WORK INSTRUCTION
Would you return, word for word, the lines of the data below from the line with "करें और क्या" through the line with "étiquette de vêtement", and no others?

===

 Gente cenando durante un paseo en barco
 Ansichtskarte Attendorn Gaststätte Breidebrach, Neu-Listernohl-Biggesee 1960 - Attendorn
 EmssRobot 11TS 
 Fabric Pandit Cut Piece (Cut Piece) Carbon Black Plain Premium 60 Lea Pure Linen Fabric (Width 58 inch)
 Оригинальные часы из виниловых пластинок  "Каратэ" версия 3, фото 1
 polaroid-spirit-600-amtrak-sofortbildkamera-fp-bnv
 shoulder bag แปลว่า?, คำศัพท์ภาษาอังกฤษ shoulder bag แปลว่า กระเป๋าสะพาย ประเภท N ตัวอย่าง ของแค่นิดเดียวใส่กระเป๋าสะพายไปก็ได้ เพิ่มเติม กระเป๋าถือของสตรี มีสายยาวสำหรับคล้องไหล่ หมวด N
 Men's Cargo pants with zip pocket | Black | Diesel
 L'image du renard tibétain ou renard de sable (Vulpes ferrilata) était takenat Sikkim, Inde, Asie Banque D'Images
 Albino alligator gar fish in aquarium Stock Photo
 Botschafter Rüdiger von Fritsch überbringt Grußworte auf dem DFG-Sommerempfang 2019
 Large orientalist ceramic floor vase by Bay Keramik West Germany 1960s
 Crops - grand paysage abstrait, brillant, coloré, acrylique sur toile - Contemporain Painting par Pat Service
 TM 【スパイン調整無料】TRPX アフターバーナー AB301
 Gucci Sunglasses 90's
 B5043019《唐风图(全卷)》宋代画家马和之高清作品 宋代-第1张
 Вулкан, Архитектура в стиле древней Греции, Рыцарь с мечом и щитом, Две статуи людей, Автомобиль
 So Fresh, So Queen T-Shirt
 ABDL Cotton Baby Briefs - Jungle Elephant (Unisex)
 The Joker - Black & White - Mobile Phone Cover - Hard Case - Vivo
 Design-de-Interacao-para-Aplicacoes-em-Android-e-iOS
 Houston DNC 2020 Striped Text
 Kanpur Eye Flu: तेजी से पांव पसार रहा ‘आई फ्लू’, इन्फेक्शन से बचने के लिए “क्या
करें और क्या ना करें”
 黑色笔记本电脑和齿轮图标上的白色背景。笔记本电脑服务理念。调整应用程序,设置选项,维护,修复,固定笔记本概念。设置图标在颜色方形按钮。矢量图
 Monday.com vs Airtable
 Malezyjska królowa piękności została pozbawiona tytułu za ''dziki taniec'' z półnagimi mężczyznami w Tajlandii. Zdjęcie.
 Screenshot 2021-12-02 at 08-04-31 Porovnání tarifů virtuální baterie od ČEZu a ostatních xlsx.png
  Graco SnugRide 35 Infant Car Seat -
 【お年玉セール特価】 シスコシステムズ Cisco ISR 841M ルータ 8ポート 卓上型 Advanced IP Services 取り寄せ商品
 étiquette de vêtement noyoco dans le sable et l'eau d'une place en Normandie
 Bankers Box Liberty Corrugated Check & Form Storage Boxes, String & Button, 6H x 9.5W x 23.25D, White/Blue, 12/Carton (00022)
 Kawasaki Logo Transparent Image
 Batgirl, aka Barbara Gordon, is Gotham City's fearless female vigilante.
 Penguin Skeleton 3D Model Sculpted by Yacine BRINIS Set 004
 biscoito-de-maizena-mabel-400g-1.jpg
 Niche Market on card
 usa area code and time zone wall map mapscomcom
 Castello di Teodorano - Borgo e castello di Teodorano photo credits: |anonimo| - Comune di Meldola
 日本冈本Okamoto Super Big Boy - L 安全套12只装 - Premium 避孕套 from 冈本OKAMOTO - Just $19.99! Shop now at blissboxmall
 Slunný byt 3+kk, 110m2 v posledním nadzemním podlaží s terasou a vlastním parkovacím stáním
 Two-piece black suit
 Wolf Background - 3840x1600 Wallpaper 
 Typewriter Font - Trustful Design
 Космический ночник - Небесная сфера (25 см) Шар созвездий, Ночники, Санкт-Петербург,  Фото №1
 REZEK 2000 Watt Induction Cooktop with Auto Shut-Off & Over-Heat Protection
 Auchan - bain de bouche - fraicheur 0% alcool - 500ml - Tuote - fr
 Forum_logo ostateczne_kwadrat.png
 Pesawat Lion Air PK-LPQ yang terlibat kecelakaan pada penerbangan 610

===

THE ANSWER
करें और क्या ना करें”
 黑色笔记本电脑和齿轮图标上的白色背景。笔记本电脑服务理念。调整应用程序,设置选项,维护,修复,固定笔记本概念。设置图标在颜色方形按钮。矢量图
 Monday.com vs Airtable
 Malezyjska królowa piękności została pozbawiona tytułu za ''dziki taniec'' z półnagimi mężczyznami w Tajlandii. Zdjęcie.
 Screenshot 2021-12-02 at 08-04-31 Porovnání tarifů virtuální baterie od ČEZu a ostatních xlsx.png
  Graco SnugRide 35 Infant Car Seat -
 【お年玉セール特価】 シスコシステムズ Cisco ISR 841M ルータ 8ポート 卓上型 Advanced IP Services 取り寄せ商品
 étiquette de vêtement noyoco dans le sable et l'eau d'une place en Normandie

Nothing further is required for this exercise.